■ **Source material**
○ ○ ○

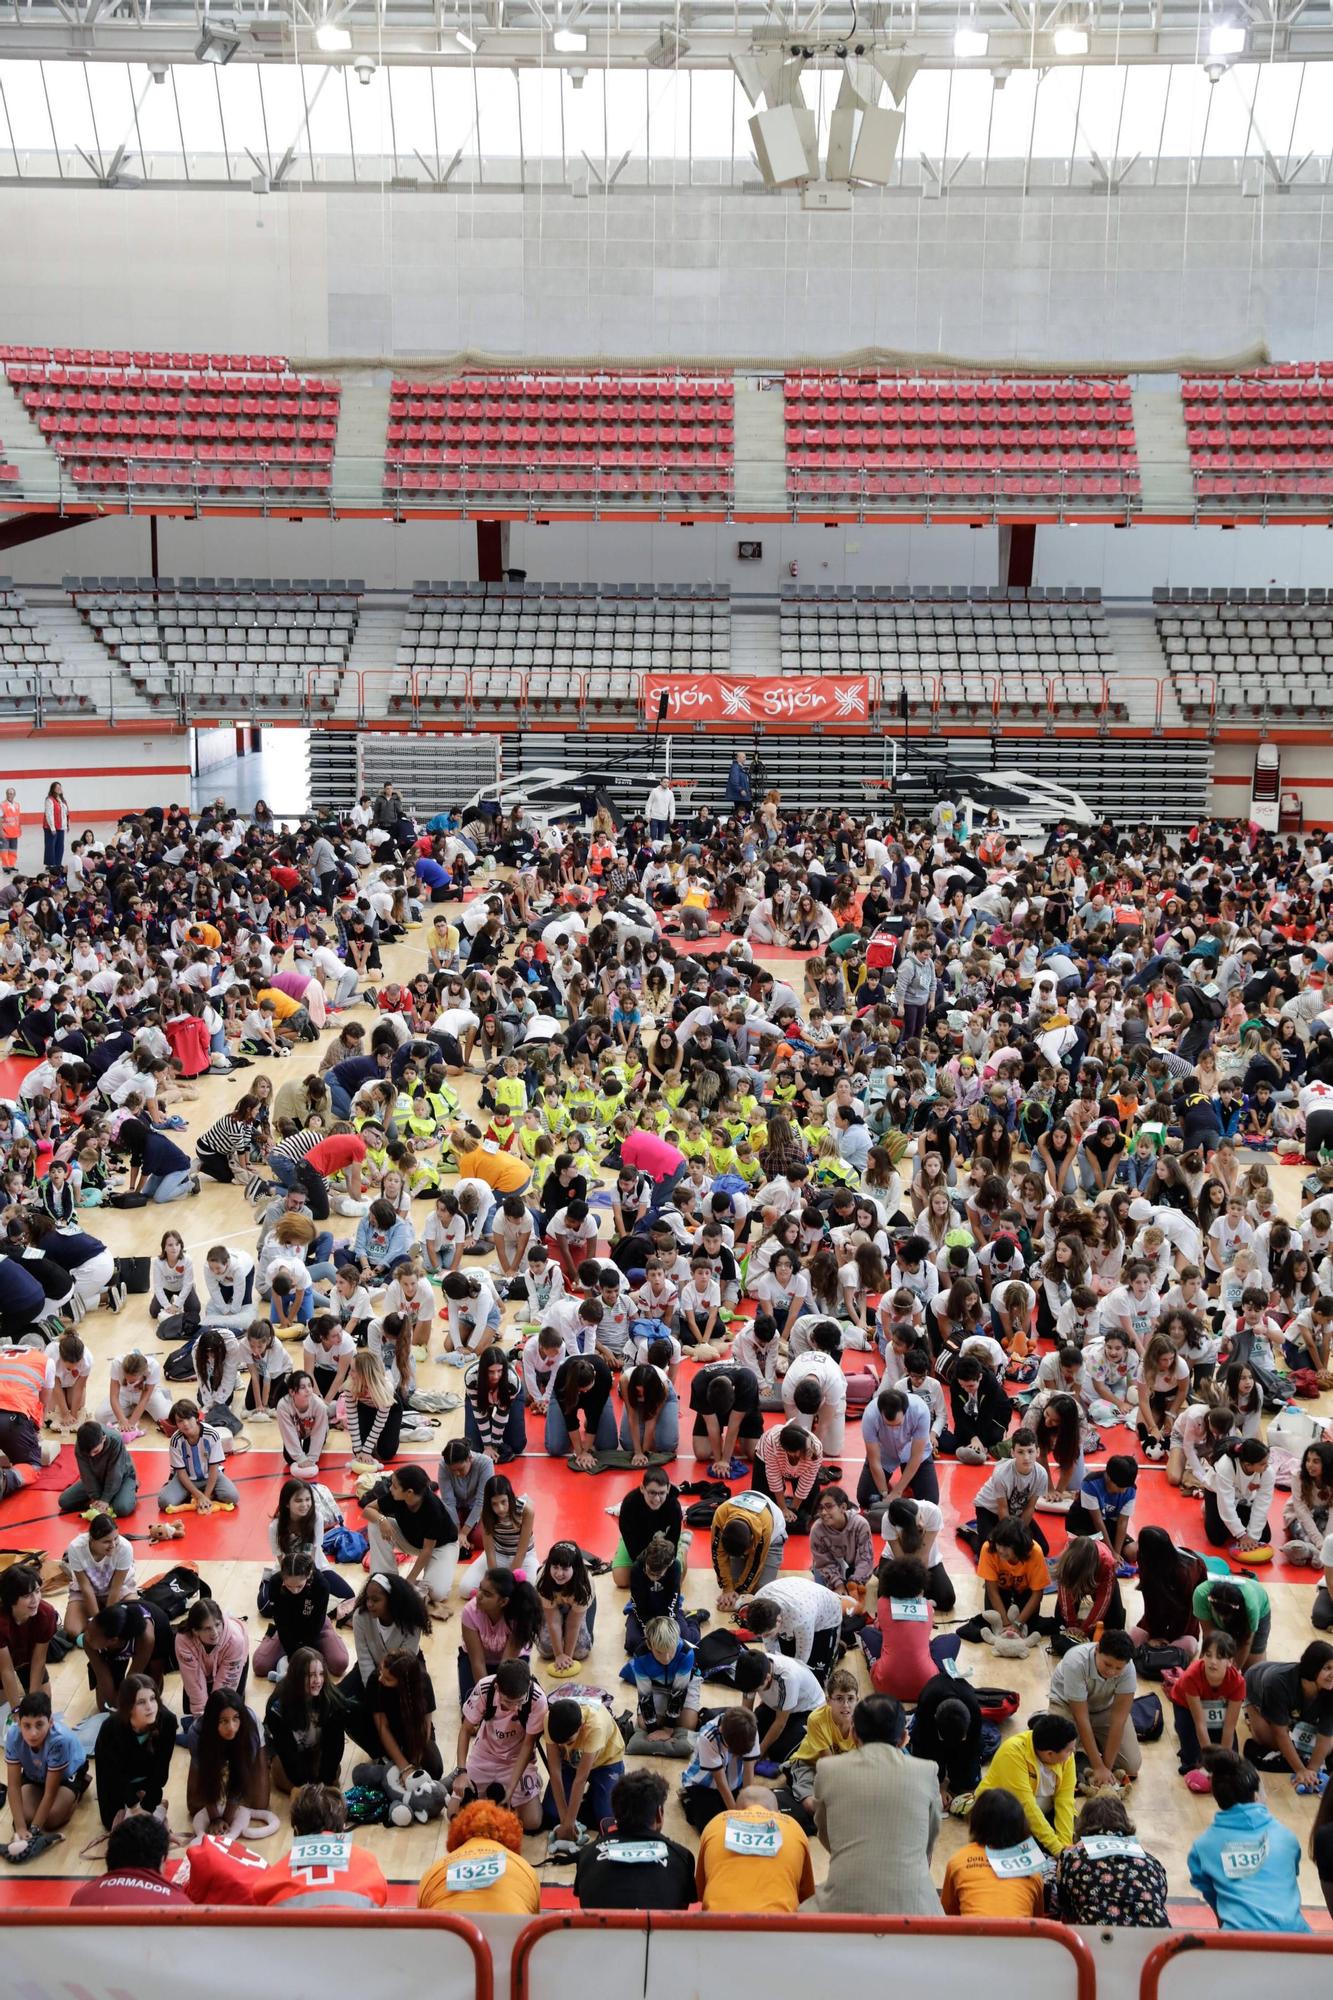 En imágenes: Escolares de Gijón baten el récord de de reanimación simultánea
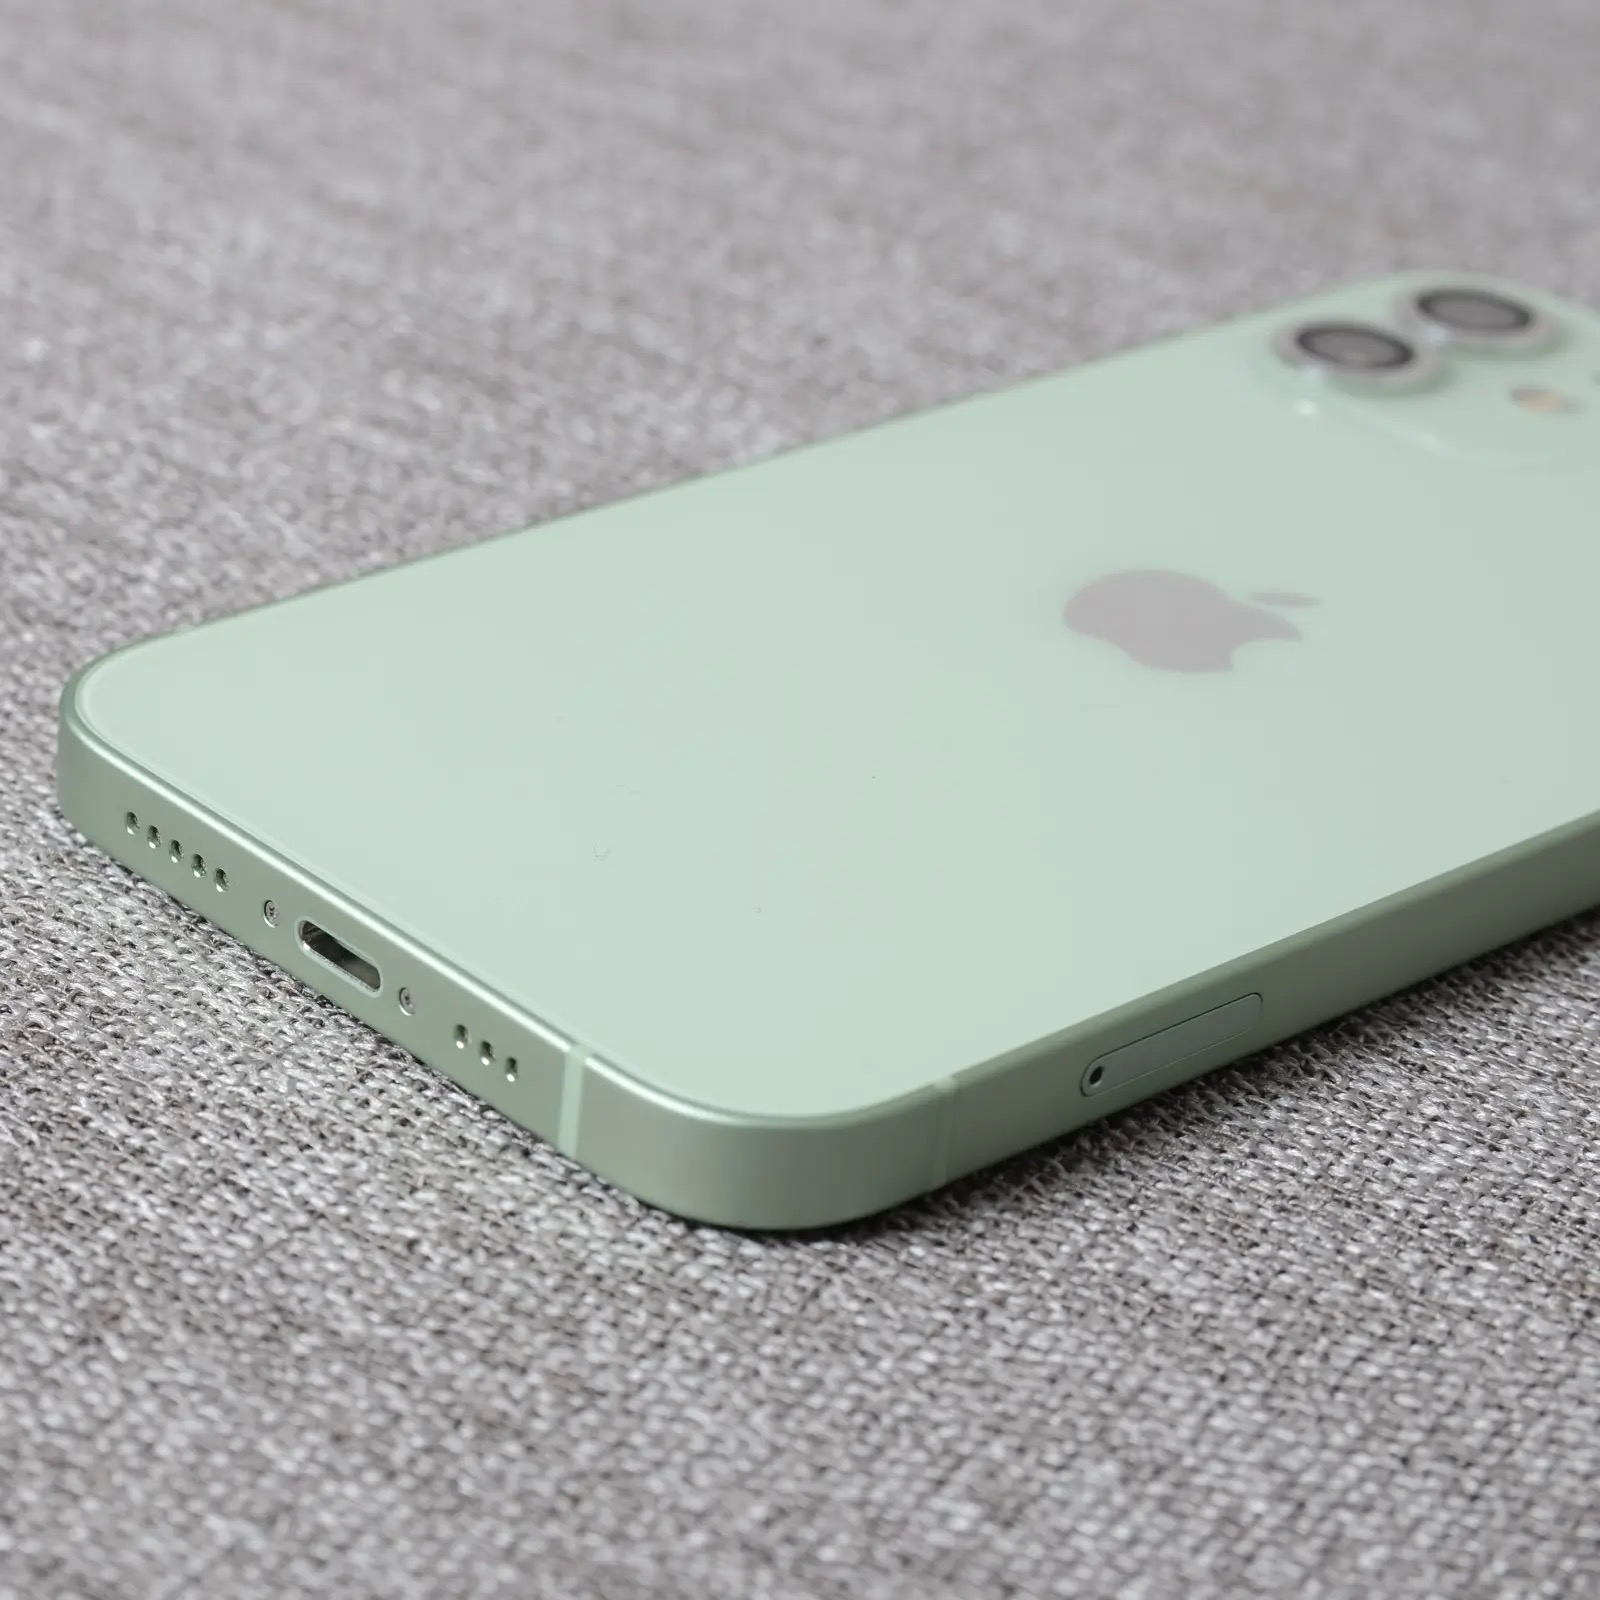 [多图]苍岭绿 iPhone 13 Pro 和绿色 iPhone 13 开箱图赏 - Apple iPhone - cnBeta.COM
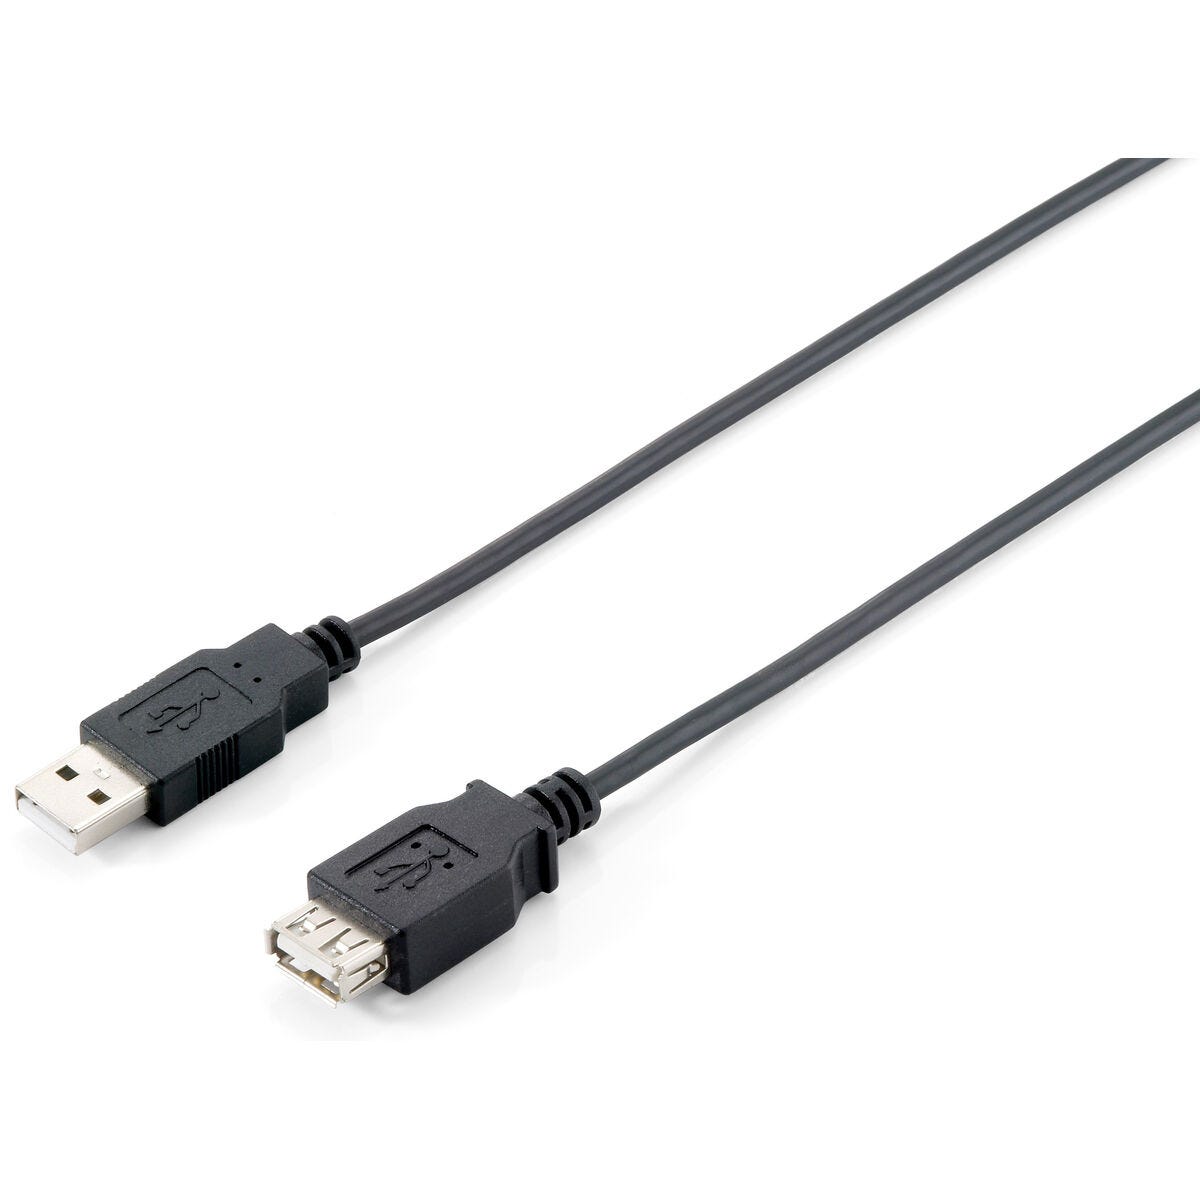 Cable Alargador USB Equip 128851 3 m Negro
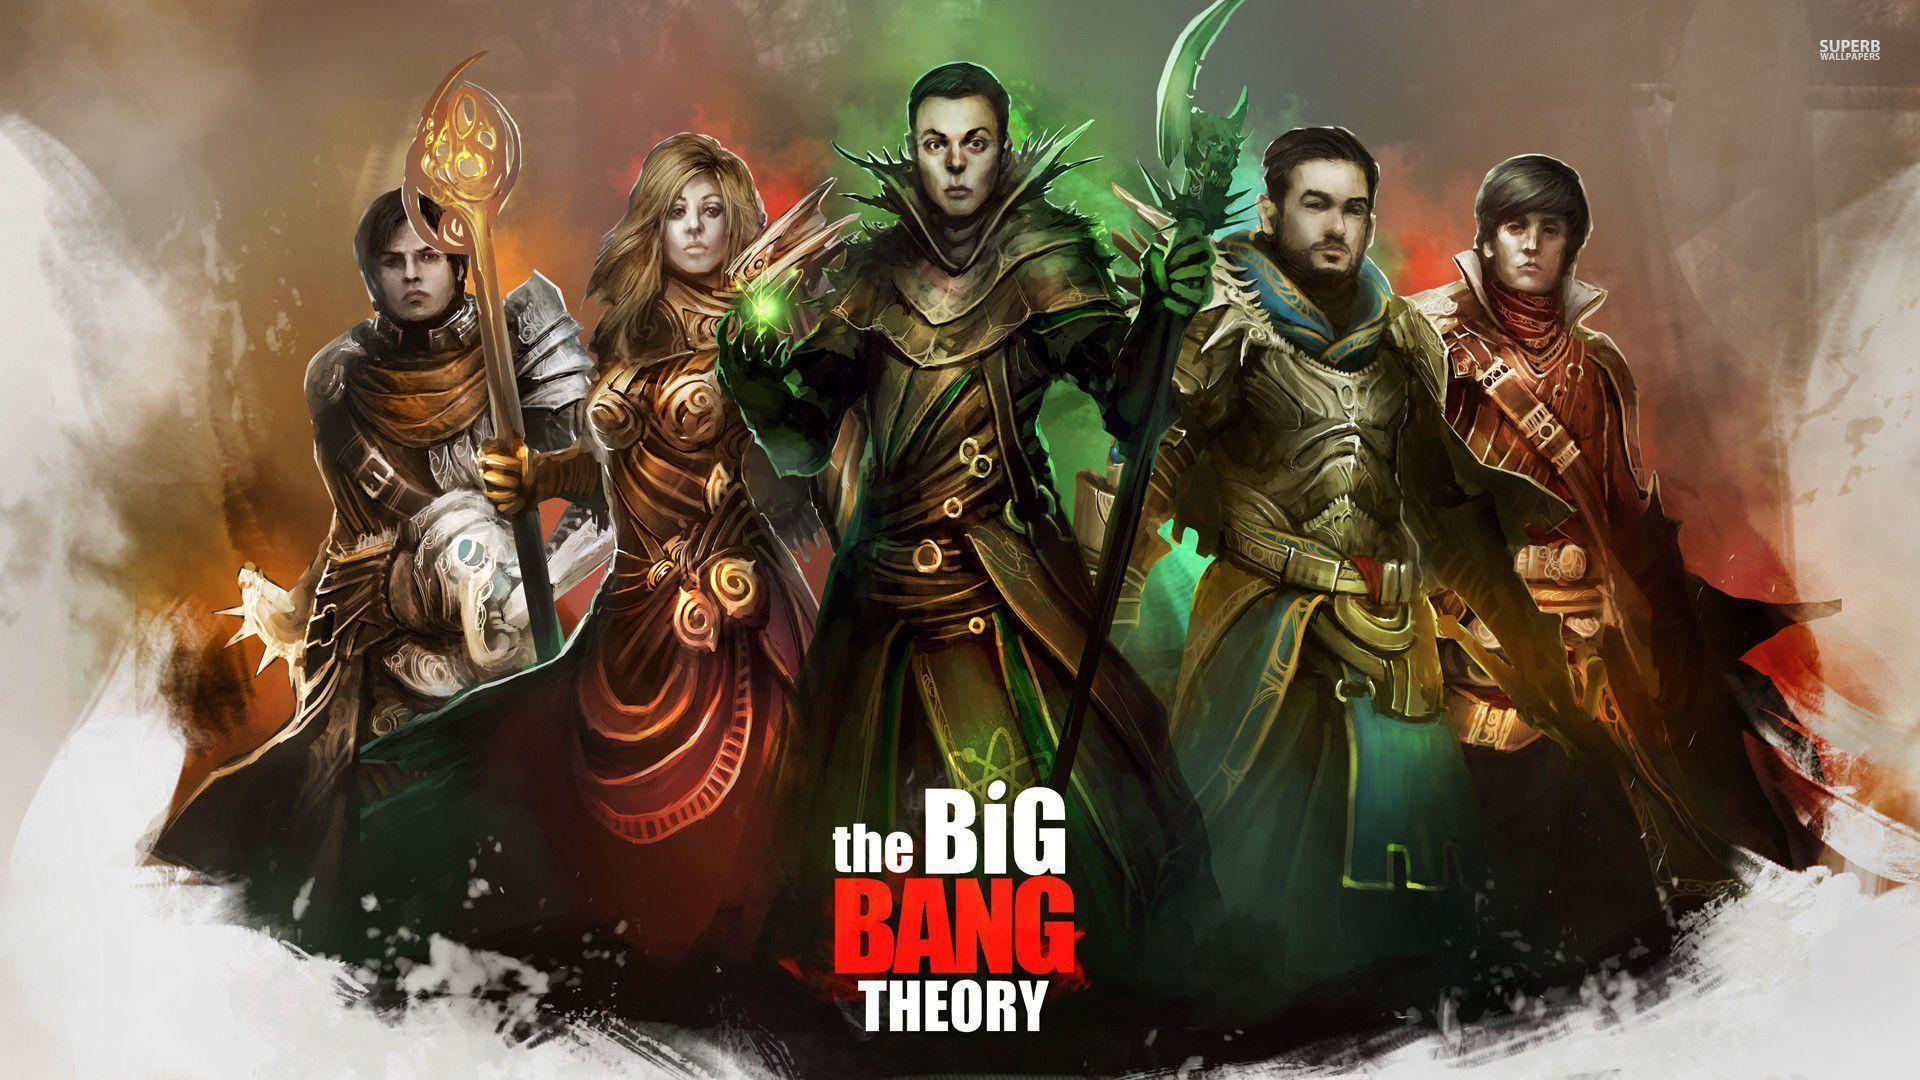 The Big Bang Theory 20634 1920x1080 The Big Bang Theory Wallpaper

○ ○ ○

■ **What to produce**
Transcribe exactly the span of lines from the line holding "[多图]苍岭绿 iPhone 13" through the last line above, both included. Pictures stay out.

■ **Result of the exercise**
 [多图]苍岭绿 iPhone 13 Pro 和绿色 iPhone 13 开箱图赏 - Apple iPhone - cnBeta.COM
 Cable Alargador USB Equip 128851 3 m Negro
 The Big Bang Theory 20634 1920x1080 The Big Bang Theory Wallpaper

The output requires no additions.